But then the film gives us a second resurrection, proclaiming the Easter faith that the resurrection did not only happen to the community Jesus created. It also happened to Jesus. The time is early morning. The camera puts us a few feet below the rim of the dirt grave where Jesus’ body had lain before the disciples took it away. The sun is behind us. We see the wall of the grave and the blue sky above it. The shadow of a man begins to rise up the wall from below, and a tenor’s voice breaks the silence with a South African song:

The sun in Spring will rise over the mountain.
Today we are united.
We are one people.

The voices of a choir begin to add their soaring harmonies. The man’s tall shadow is joined by shadows of the angels who have watched over Jesus since his birth, played by small boys adorned with ostrich feathers.
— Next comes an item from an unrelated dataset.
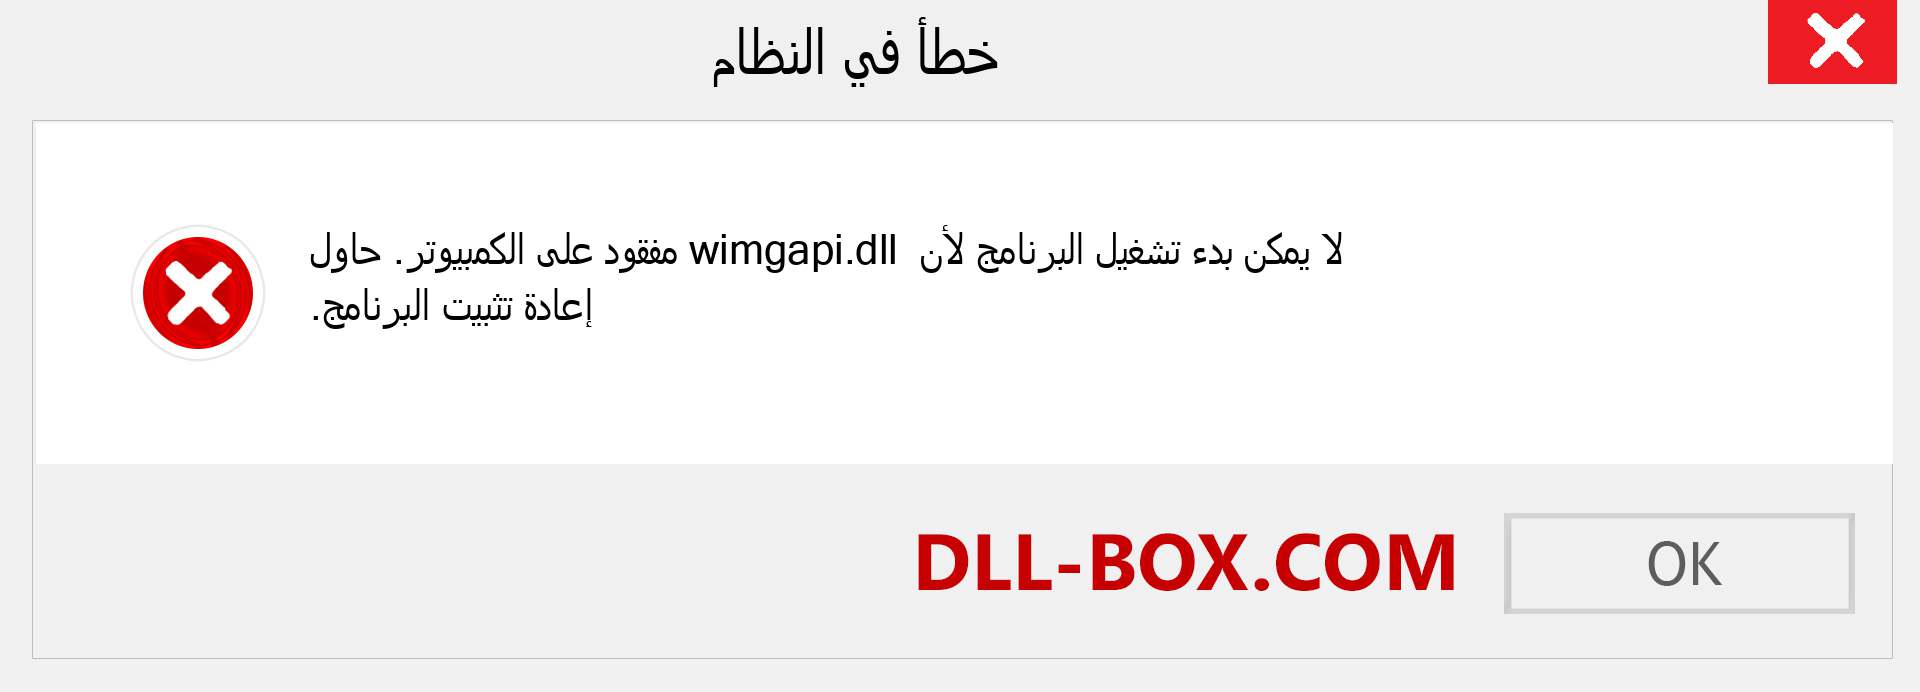 ملف wimgapi.dll مفقود ؟. التنزيل لنظام التشغيل Windows 7 و 8 و 10 - إصلاح خطأ wimgapi dll المفقود على Windows والصور والصور

These elongated sunrise shadows of Jesus and the angels stretch beyond the grave into an open field. It is a haunting image, hovering between the spectral and the substantial.

We cut to close-ups of the boys’ angelic faces, beautiful and smiling as they look into the distance. Then we see what they see: Jesus, dressed in his familiar denim work clothes, ascending a hill. The boys, suddenly a great multitude, follow after him. This powerful final image evokes not only the host of heaven welcoming Jesus home, but also the departed souls he drew into his risen life when he descended to the dead.

The Empty Tomb

In contrast to the affirmative mood of the resurrection scenes, the empty tomb creates uncertainty and bewilderment. What has happened to the body? In The Greatest Story Ever Told (1965), Mary Magdalene goes to the tomb at dawn, only to find the stone rolled away from the entrance. A young man is standing just inside the shadowy cave. “He is gone,” he says. “Why seek ye the living among the dead? He is risen.” There is nothing particularly uncanny about the man’s appearance. Played by Pat Boone, he is disappointingly prosaic.

Magdalene departs the tomb just as some male disciples arrive. When the men enter the tomb, the figure in white doesn’t even speak to them. He simply takes a seat at the rear of the cave like a museum guard, thinking his thoughts while the tourists have a look around. It is awkward staging, without the slightest aura of transcendence. Only the soundtrack’s “Hallelujah Chorus” tells you something religious is happening.

In The Gospel of John (2003), Magdalene is so disturbed to find the stone rolled away, she doesn’t linger to look inside. She goes immediately to tell the other disciples. Peter and John come on the run to check it out for themselves. They appear puzzled by the missing body, though John, the narrator tells us, “saw and believed.” But neither of the men actually looks convinced of anything. According to the narrator, “They still did not understand the scripture, which said that he must rise from death.”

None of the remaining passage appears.